How do I use ADO.NET with XML, similar to adPersistXml?

The DataSet provides extensive support for using XML to load and persist the schema and data within a DataSet. You can load the contents of the DataSet from any XML format, and write the contents of a DataSet to an XML format that is much simpler and more generic than that of an ADO Recordset saved as XML. The schema, or relational structure, of a DataSet can easily be persisted as, or created from, a simple XML Schema definition language (XSD) schema. If an XML document has no XML Schema supplied, and no schema is defined within the DataSet, the DataSet can infer the schema from the XML elements in the XML document. Additionally, the DataSet gives you control over how rows and columns are written to and read from an XML document. Columns can be mapped as attributes, elements, or simple content, or can be hidden (not written out). Related rows can be nested within their parent element, or treated as sibling elements.

The DataSet can also be synchronized with an XmlDataDocument to provide simultaneous relational and hierarchical views of a single set of data. By synchronizing a DataSet with an XmlDataDocument, you also gain access to other XML functionality for the data in your DataSet such as the ability to perform XML Path Language (XPath) queries over the data or to apply an Extensible Stylesheet Language Transformation (XSLT transformation) to the data.

The SQL Server .NET Data Provider also provides the capability, using the SqlCommand, to return the results of FOR XML queries against Microsoft SQL Server 2000 or later directly as an XmlReader.

In addition to the XML capabilities provided with ADO.NET, SQLXML 2.0 (XML for SQL Server 2000) contains SQLXML Managed Classes that enable you to access the XML functionality of Microsoft SQL Server 2000 and later from the .NET Framework. For example, these classes allow you to execute XML templates, perform XPath queries over data at the server, or perform updates to data using Updategrams or Diffgrams.
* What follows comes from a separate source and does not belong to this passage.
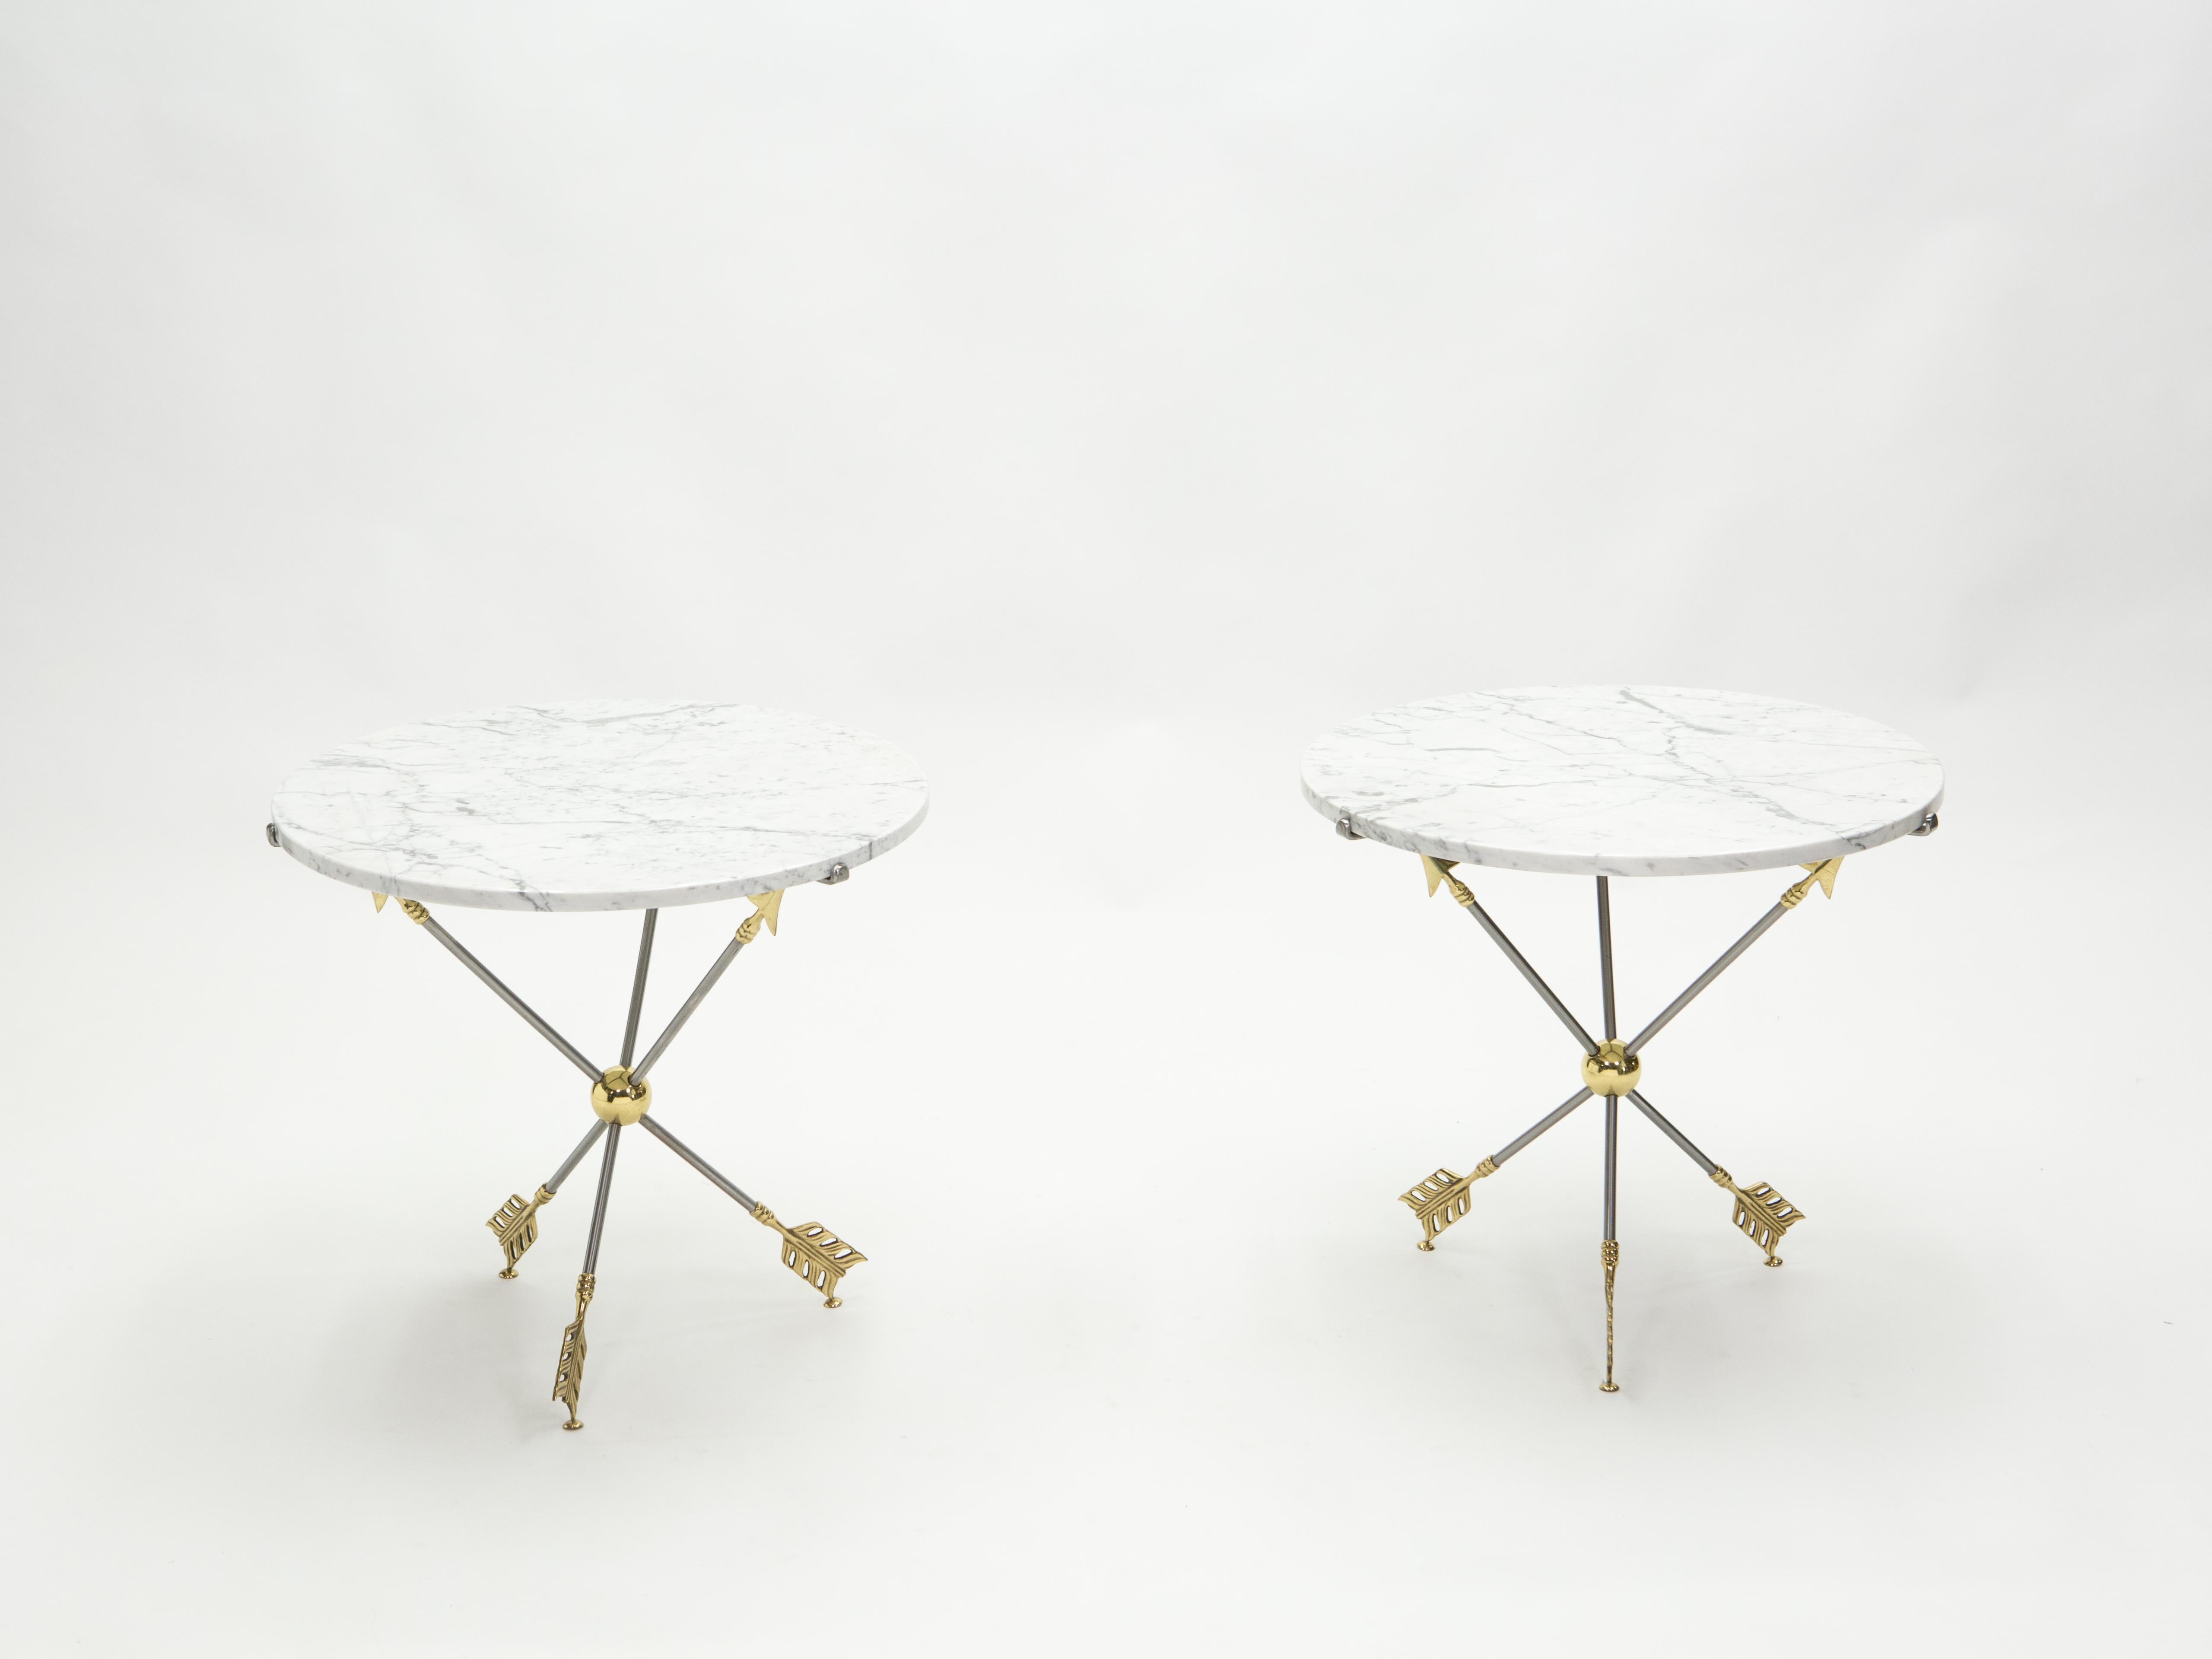 This pair of gueridon tables from the 1970’s is a beautiful example of French neoclassical design by Maison Jansen. With its sleek look, it also feels inspired by Art Deco design, like André Arbus and Jean-Michel Frank, using the arrows tripode

  • Obtaining Data as XML from SQL Server

    Describes how to return the results of a FOR XML query in Microsoft SQL Server 2000 or later as an XmlReader using the SQL Server .NET Data Provider.

  • XML and the DataSet

    Describes how the DataSet interacts with XML as a data source, including loading and persisting the contents of a DataSet as XML and synchronizing a DataSet with an XmlDataDocument.
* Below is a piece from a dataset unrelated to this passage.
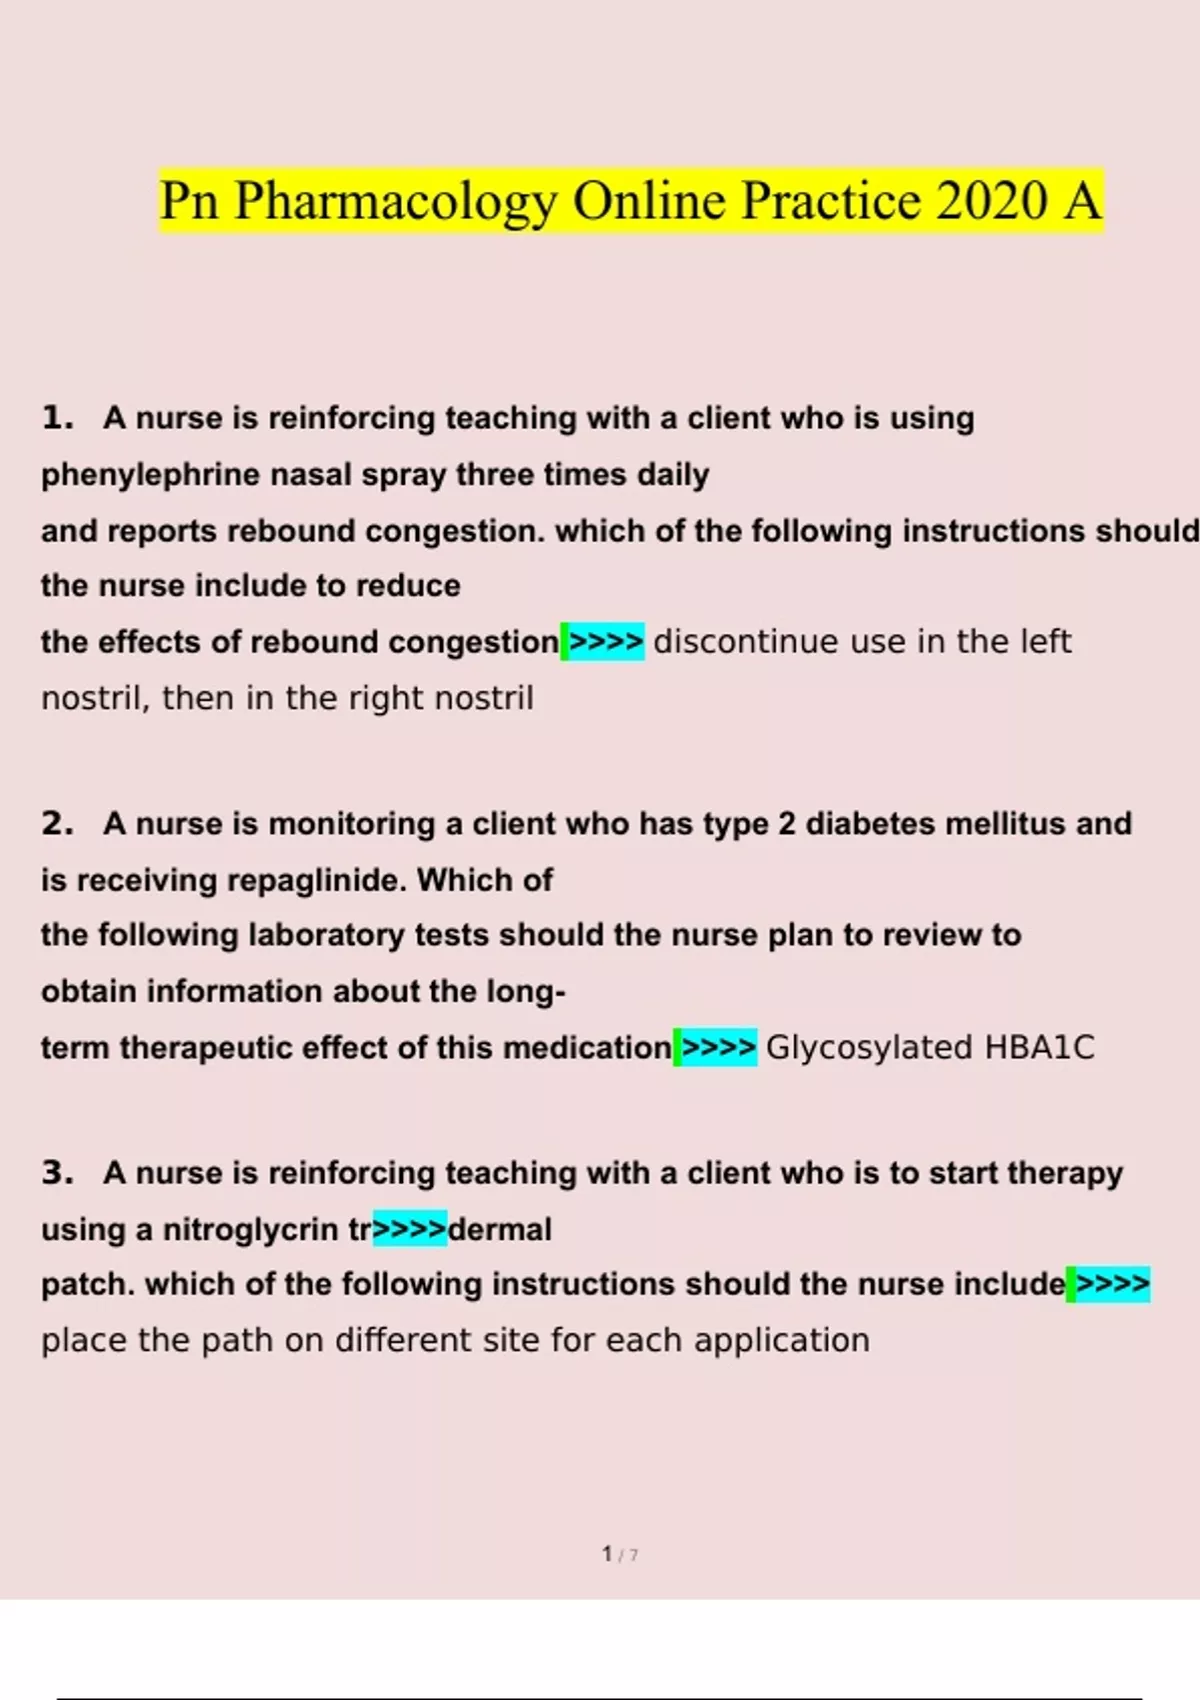 pn pharmacology online practice 2020 A Questions 2023 2024 With

  • SQLXML 2.0 (XML for SQL Server 2000)

    Provides the release of XML for Microsoft SQL Server 2000 (SQLXML 2.0), which includes SQLXML Managed Classes for use in the .NET Framework.
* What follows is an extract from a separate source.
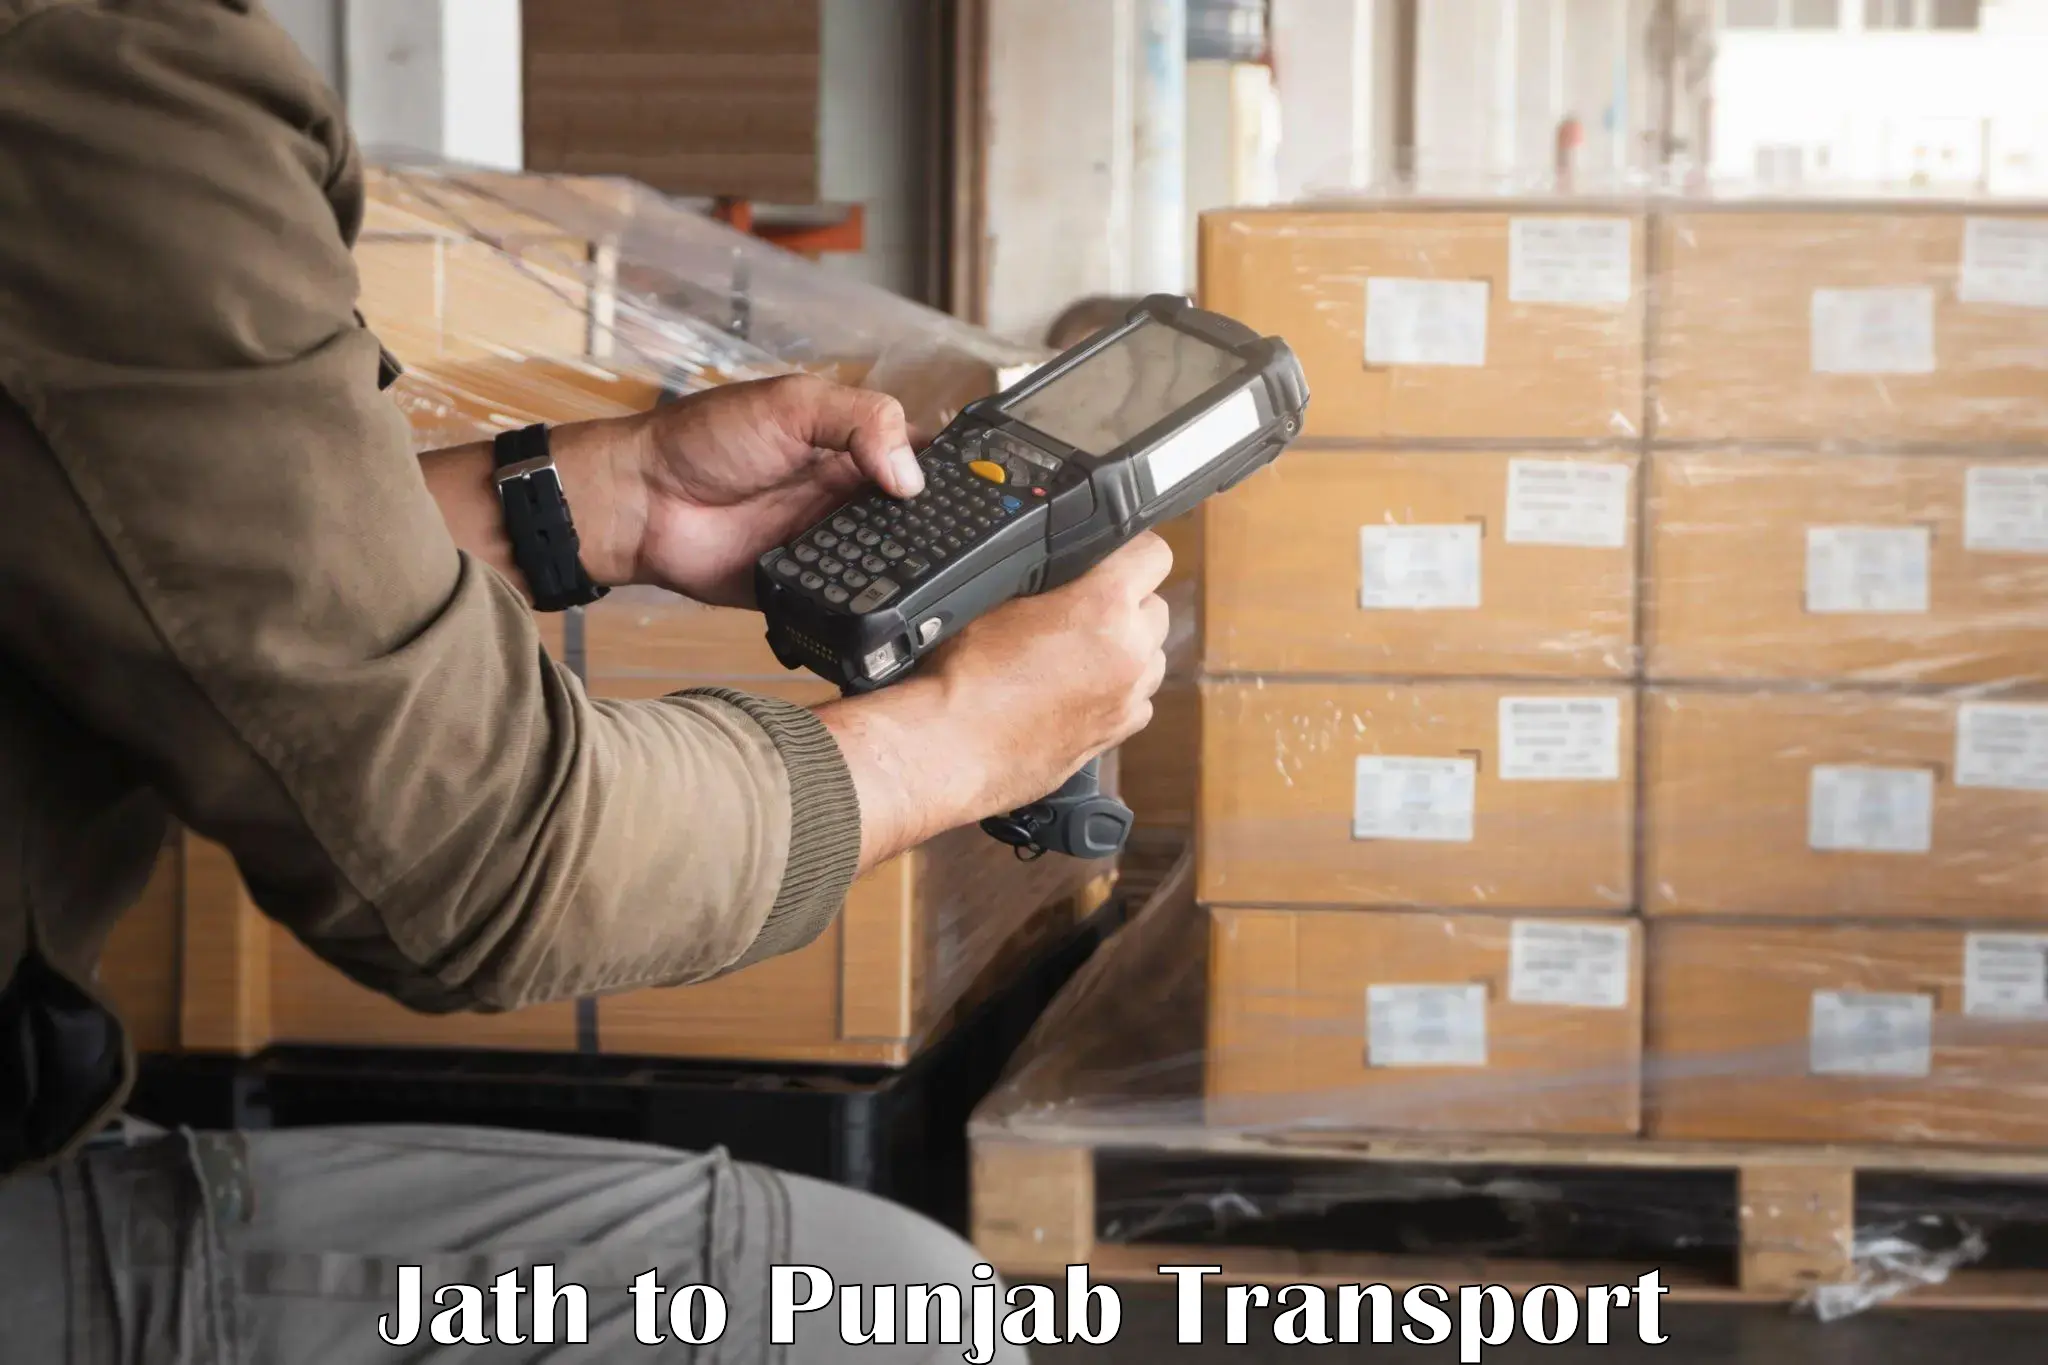 Road transport services in Jath to Patiala

How do I use my existing COM components, which use ADO for data retrieval and updates, in the .NET Framework?

COM components that return or consume ADO objects are available in the .NET Framework using COM interop services. Additionally, the OLE DB .NET Data Provider includes overloads to the OleDbDataAdapter.Fill method which take as input an ADO Recordset or Record object returned by existing COM components, and populate a DataSet with the data contained in the ADO object. Updates to the data in the DataSet can be propagated back to the data source using a DataAdapter. You can also use an Extensible Stylesheet Language Transformation (XSLT transformation) to transform between the XML format of the ADO Recordset and the XML format of the ADO.NET DataSet.